新しい魔法であることはわかるラン。こんなに早く二つ目の魔法を覚えることは驚きだけど、ありえないわけではないラン。でも、あの攻撃的な魔法は何ラン? 開花する魔法はある程度使い手に影響を受けるラン。あの怖がりで内向的で優しい美鈴が、あんな攻撃的で、しかも自分から前に出て戦うような魔法を覚えるなんて、何があったラン?
「ああああああああぁぁぁぁーーーー!!」
「美鈴!! 落ち着くラン!! もう終わってるラン!!」
「ああ……あ、ジャックくん……。えへへ、げんきでよか……た……」
ほとんど消滅していたディストの残骸をそれでもなお攻撃し続ける美鈴に声をかけて何とか正気に戻させたラン。美鈴自身大きなダメージを負ってるのにあんな無茶な動きをして身体に負担がかかってないわけないラン。美鈴は張りつめた糸が切れたみたいに意識を失って膝を付いたラン。そのまま倒れそうになった美鈴を、慌てて念動力でゆっくり地面に横たえるラン。
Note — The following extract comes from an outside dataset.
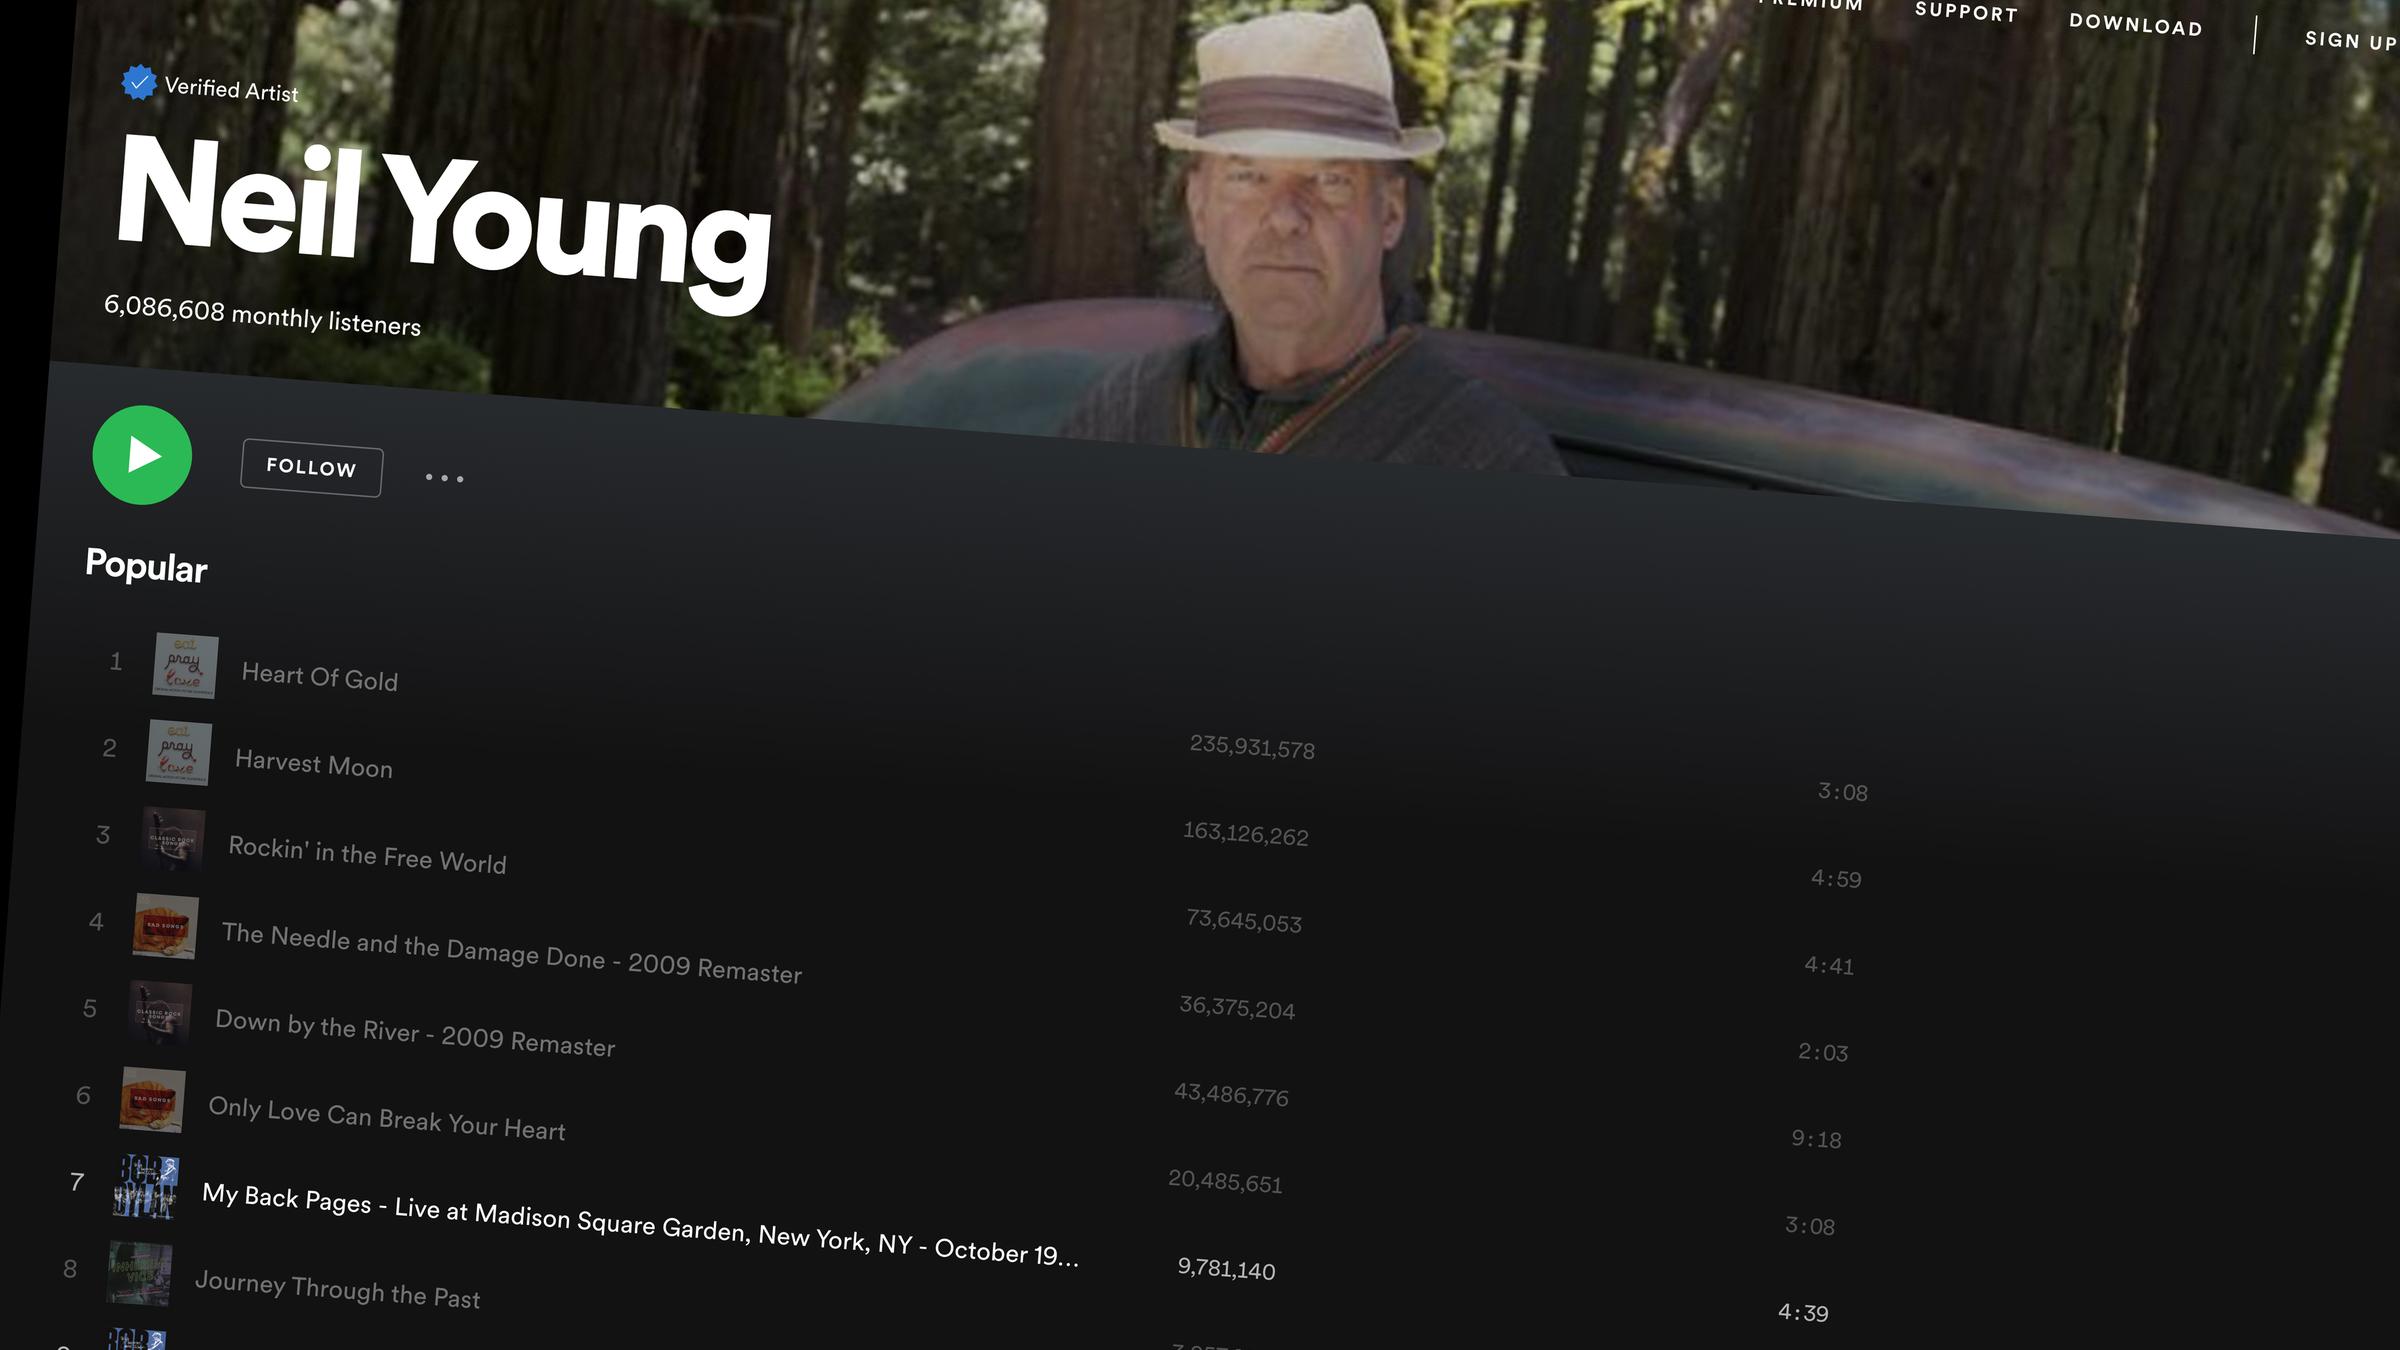 Neil Young auf Spotify. Seine Songs sind ausgegraut und nicht mehr absp...</p>

                        <a href=

呼吸と脈はあるから眠ってるだけみたいラン。
「魔法少女レッドフード、瀬理町現着したよ。妖精くん、ディストは?」
「……いラン」
「え? なに? って、この子ボロボロじゃん!? もしかして適正外のディストとやりあったの? 無茶するなぁ」
「遅いラン!! この子を魔法界の病院に連れてくラン!! 手伝うラン!!」
「え、ええ? これでも急いで来たんだけど……。まあうん、たしかに遅かったみたいだ。了解したよ」
今日の僕は何だかおかしいラン。救援に駆け付けた魔法少女レッドフードは何も悪くないラン。そんなのわかりきってるのに、八つ当たりするみたいに声を荒げてしまったラン。それに、美鈴が無事で良かったって心底そう思ってるラン。
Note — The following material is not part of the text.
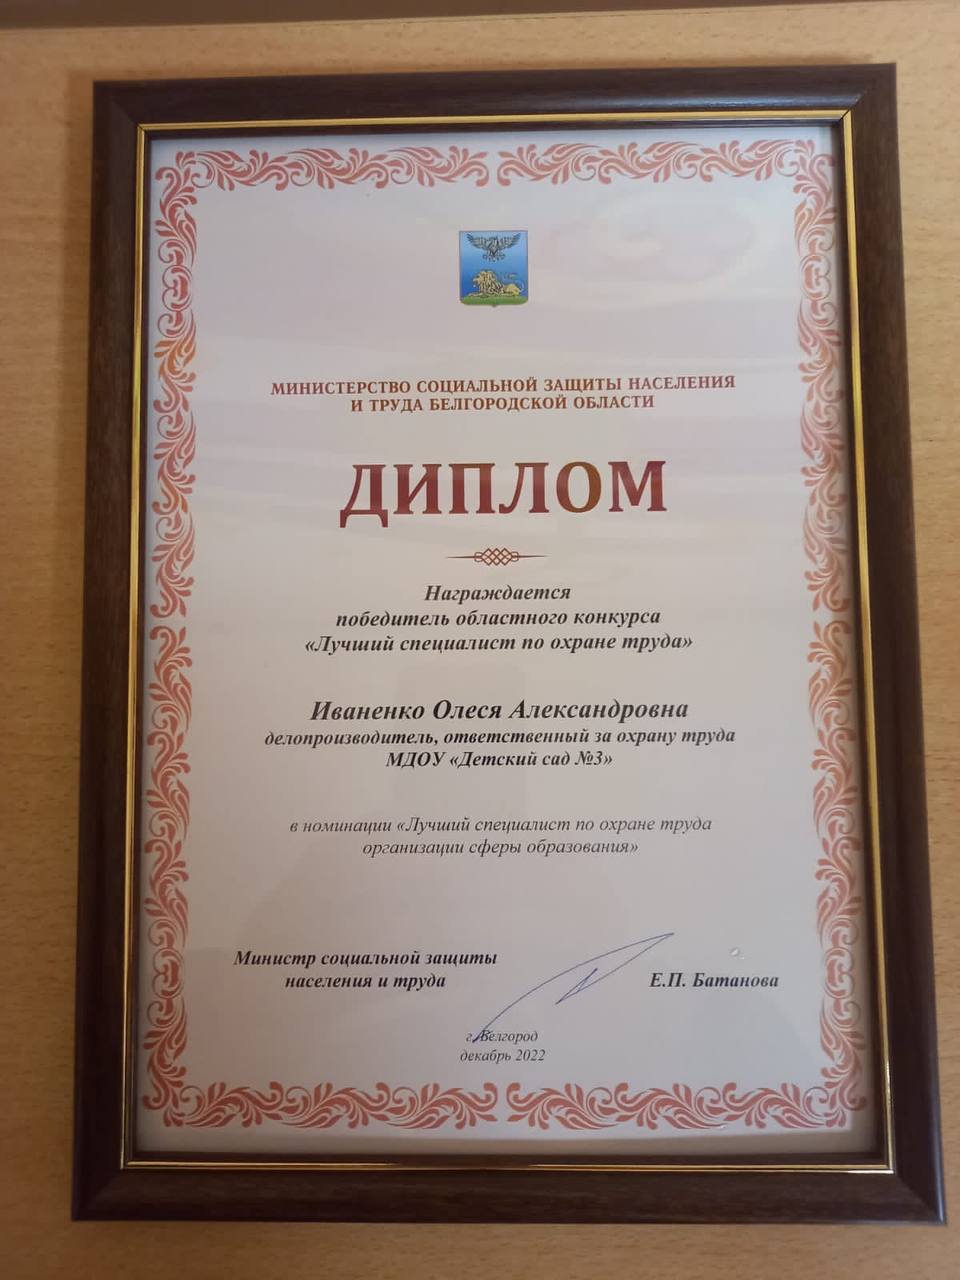 Ракитянка Олеся Иваненко стала одним из победителей областного конкурса «Лучший специалист по охране труда» - 2022

おかしいラン。美鈴を魔法少女から引退させようとしたのは、美鈴は正常な判断が出来ないからラン。穏便に辞めさせようとしたのは、禍根や火種を残さない為ラン。でもだったら、戦いの中で死んでしまっても良かったはずラン。むしろそれが一番後腐れがないラン。どうせ家族とか友達とか、美鈴と親しい人間はどうして美鈴が死んだのかなんてわからないラン。全部闇に葬り去ってしまうのが一番良かったはずラン。どうしてそんな簡単なことに、今の今まで気づかなかったラン? それとも、気づかないようにしてたラン?
合理的じゃないラン。世界を救うための正常な判断が出来てないラン。これじゃあまるで、僕が美鈴みたいラン。おかしいラン。
……もうこのことを考えるのはやめラン。きっとなにかの間違いラン。どうせこれで美鈴は魔法少女を辞めるんだし、こんな馬鹿な間違いはこれで最後ラン。
明日からは元通り、世界を救うことを一番に考えられる、僕は合理的で正しい妖精ラン。